When the Industry Collapsed, We Were Already Ready

When COVID closed the world, the factory in India closed. The factory in the United States closed. Every fashion brand we knew was laying off workers. There were no jobs anywhere. The industry that had told itself it was indispensable discovered, in the space of a few weeks, that it was not.

But the home-based artisan network was already there. The thing we had built on intuition months earlier became the only thing still working.

And while the industry was falling apart, we expanded.

We hired more artisans. We brought on more families. We kept paying full wages through a year when most brands were cutting them, or cutting the people receiving them, which amounts to the same thing. We did not do this because we had a crisis plan. We did it because the model was already built for it. Distributed, home-based, relationship-driven. The exact opposite of fragile.

Thirty Families

By the time the world reopened, we were supporting thirty Balinese families directly through this one small fashion brand. Tailors, natural dyers, hand-weavers, and the people who support all of them.

This is not a sustainability claim we added to the website afterward to sound responsible. It is the actual structure of how this company is built. A structure that was tested by the worst year the fashion industry has ever had, and held.

Robindra has a phrase for what we built.
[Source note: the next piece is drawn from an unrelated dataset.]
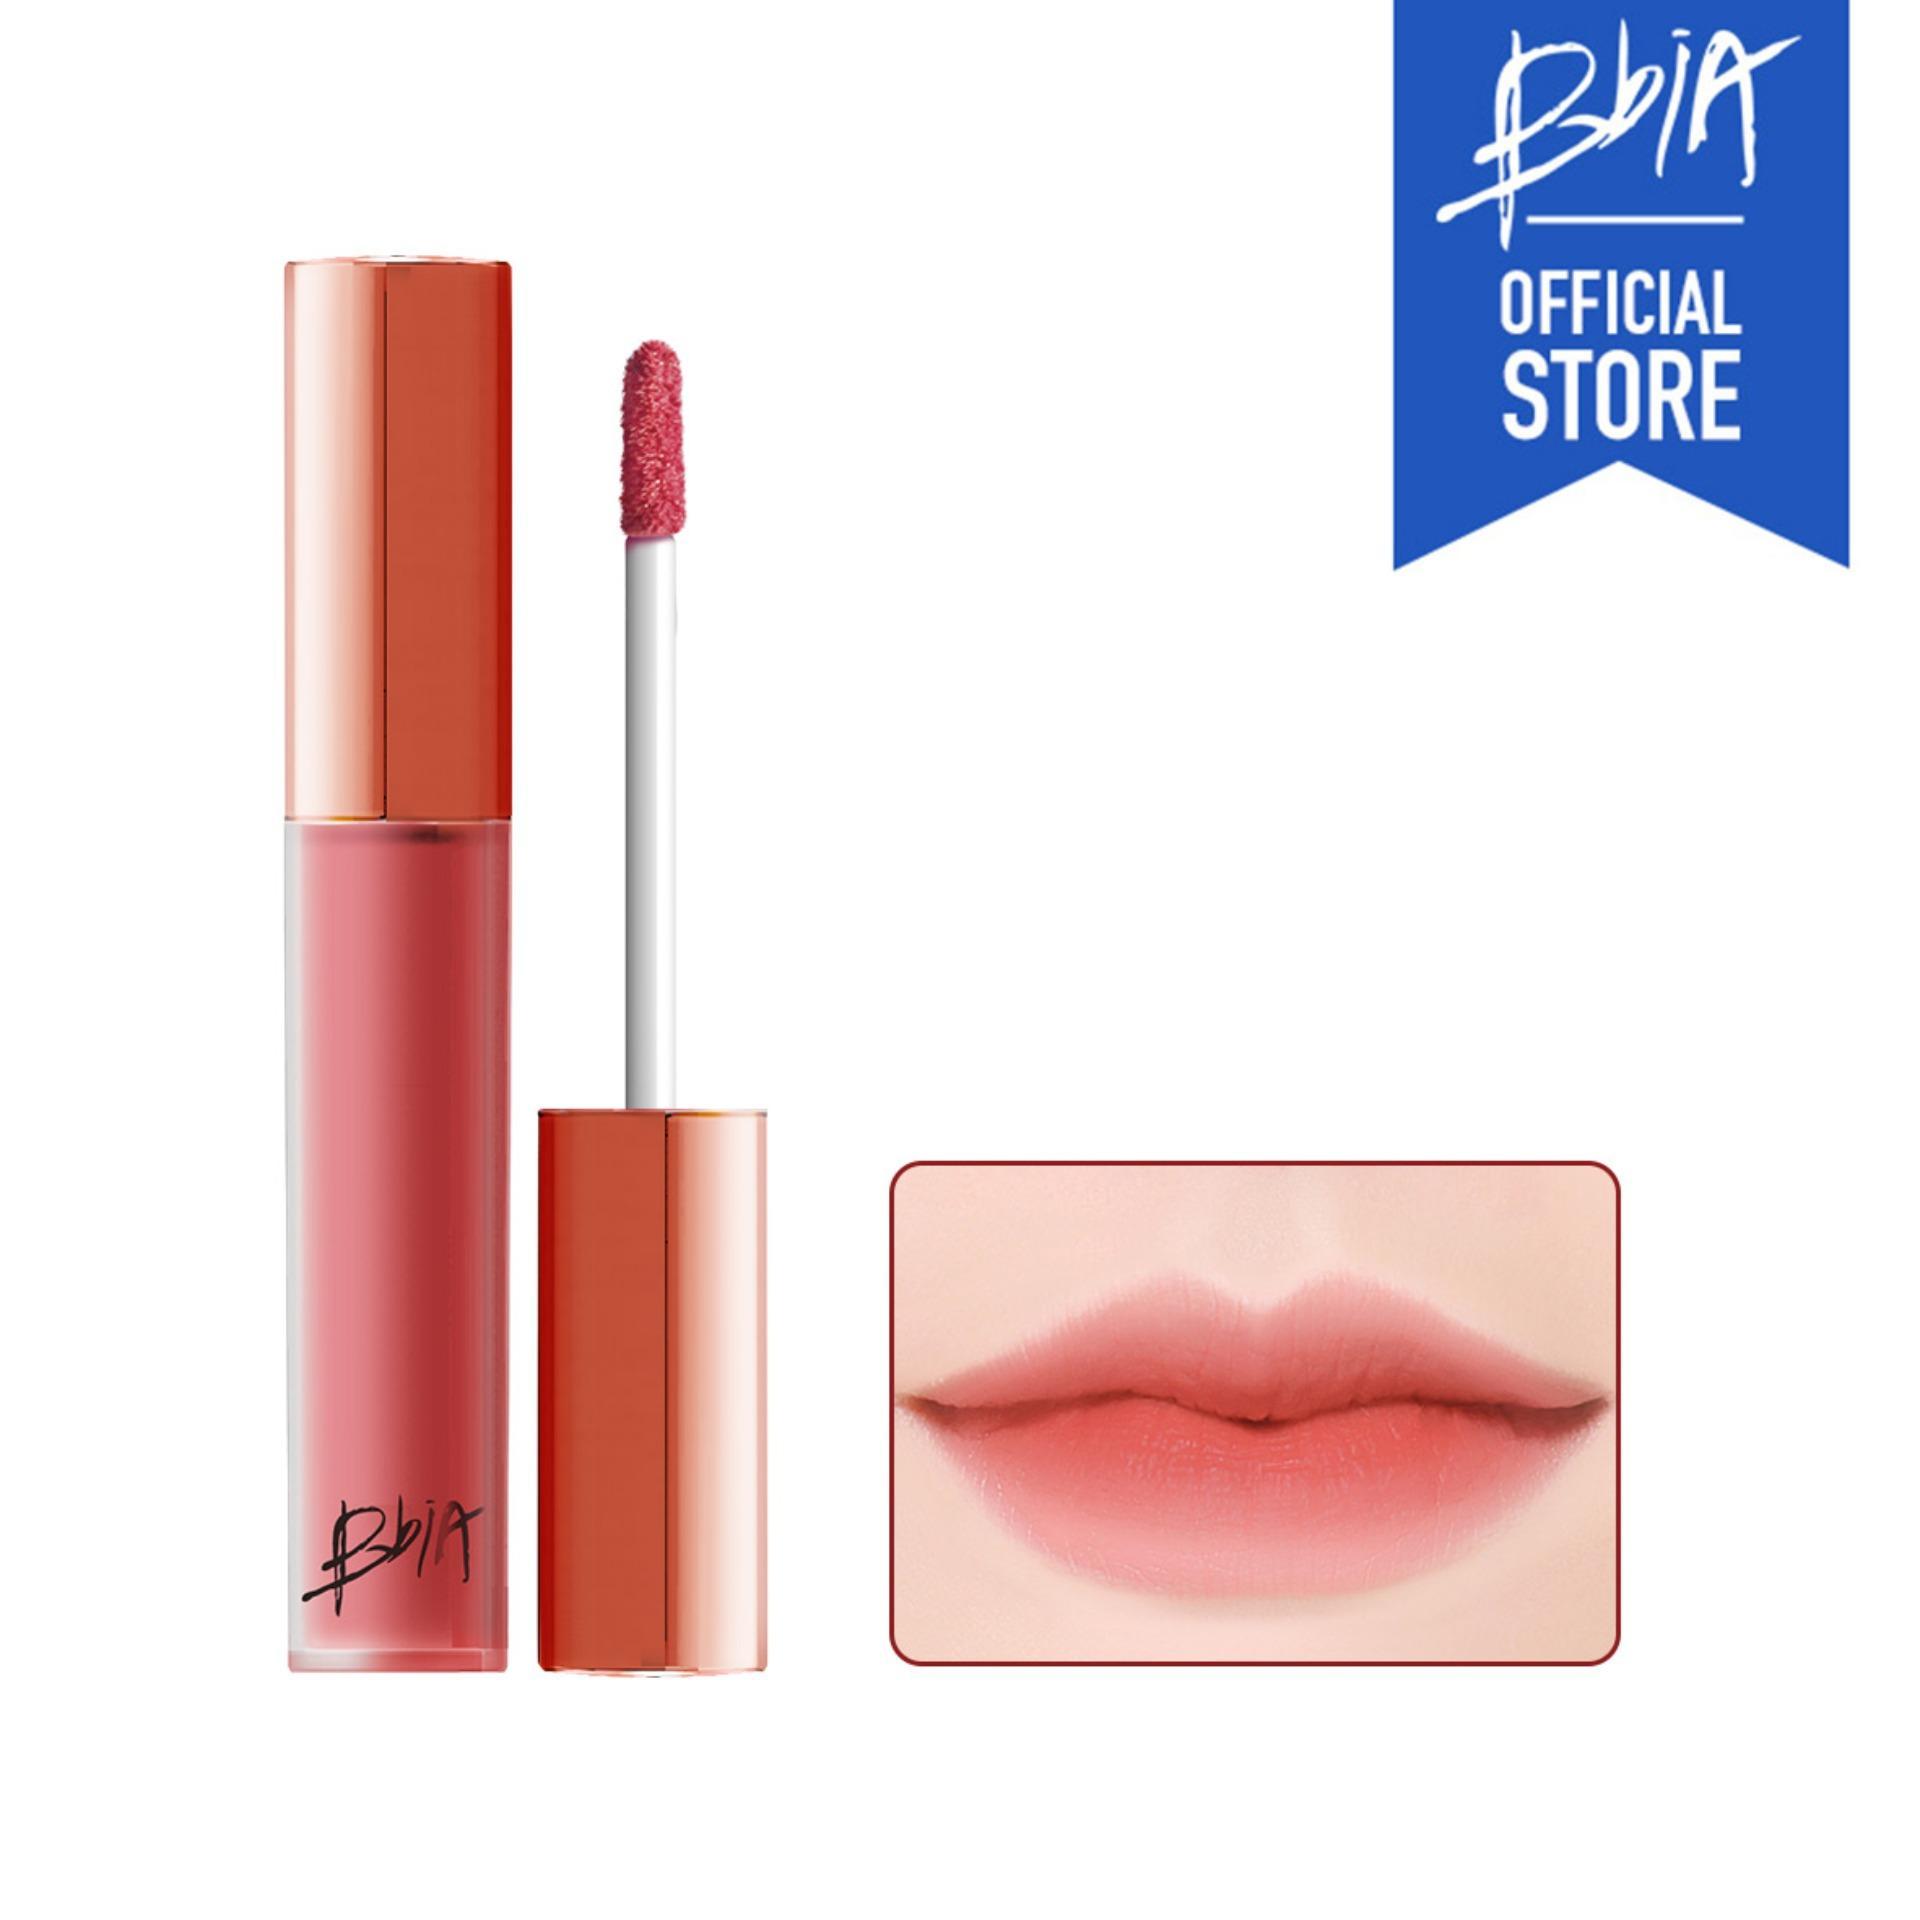 Son kem lì Bbia Last Velvet Lip Tint màu 16 - hồng tươi tốt nhất
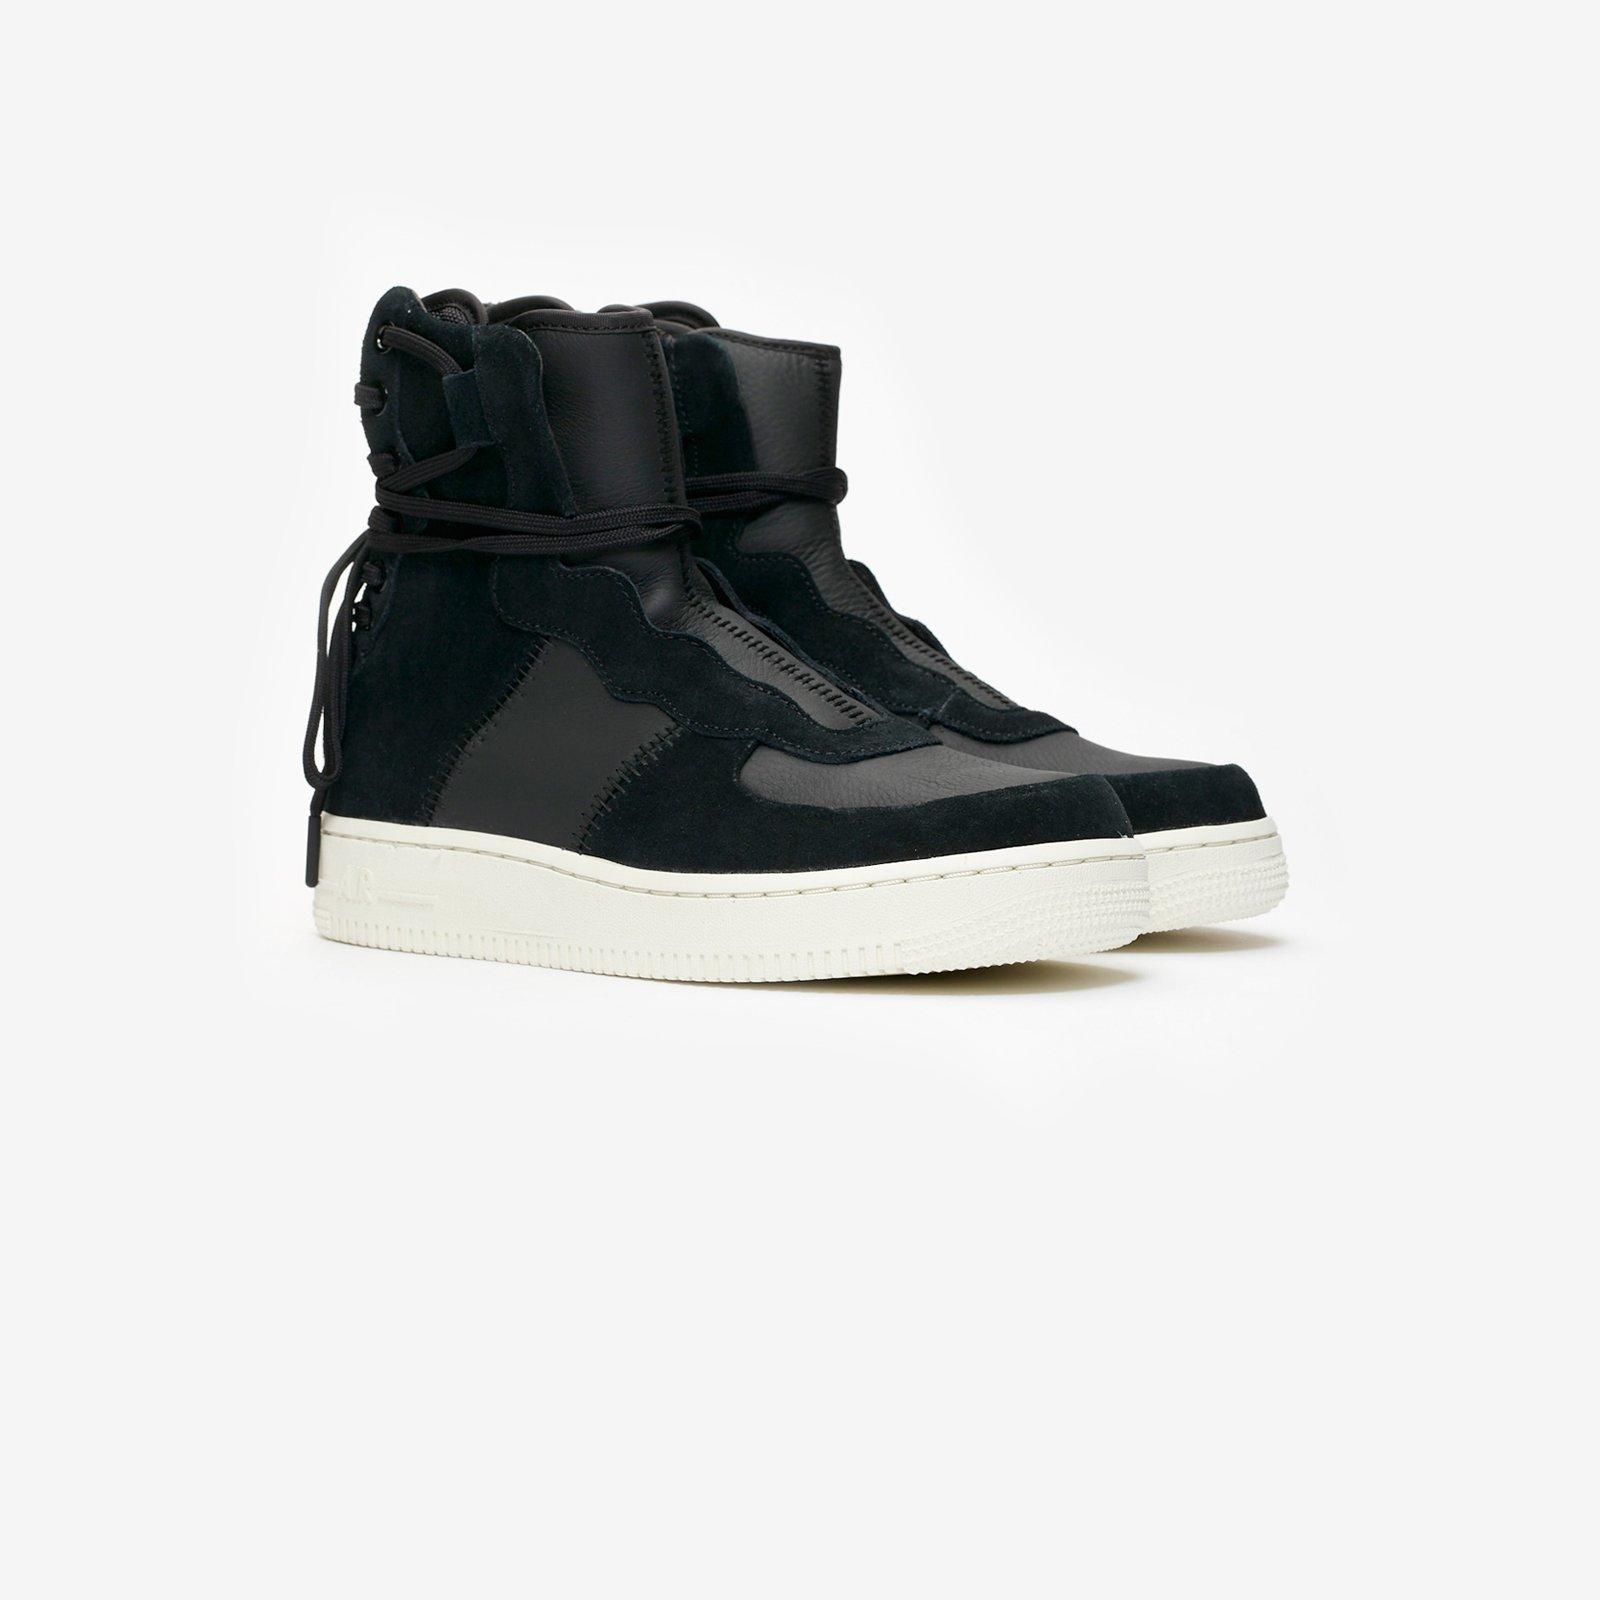 super popular c00a2 6f5a6 Nike Wmns AF1 Rebel XX Premium - Bv8252-001 - Sneakersnstuff ...

He says true abundance is not just putting a roof over your own head. It is supporting the abundance of thirty families. Their children's school fees. Their ability to stay in their village and practice their craft, rather than migrating to a factory somewhere else.

That is not incidental to what we make. It is woven into everything we make. Literally, in some cases.

Why We Tell This Story Now

We do not tell this story to perform virtue. We tell it because the fast fashion industry spends considerable resources making its model seem inevitable, and this story is evidence that it is not.

A home-based artisan network, built on trust and fair wages, that expanded through a global pandemic. That is not an anomaly. That is what happens when the human logic of a supply chain is built around the people in it rather than around the efficiency metrics that extract from them.

The garment you receive from us was made by someone who set her own hours that day. Who worked at home, probably with a child nearby, and took the kind of care you take when you are not being timed. That is in the fabric. You can feel it in the weight of the linen.

We did not plan for COVID to prove our model right. But it did. And that is worth saying plainly.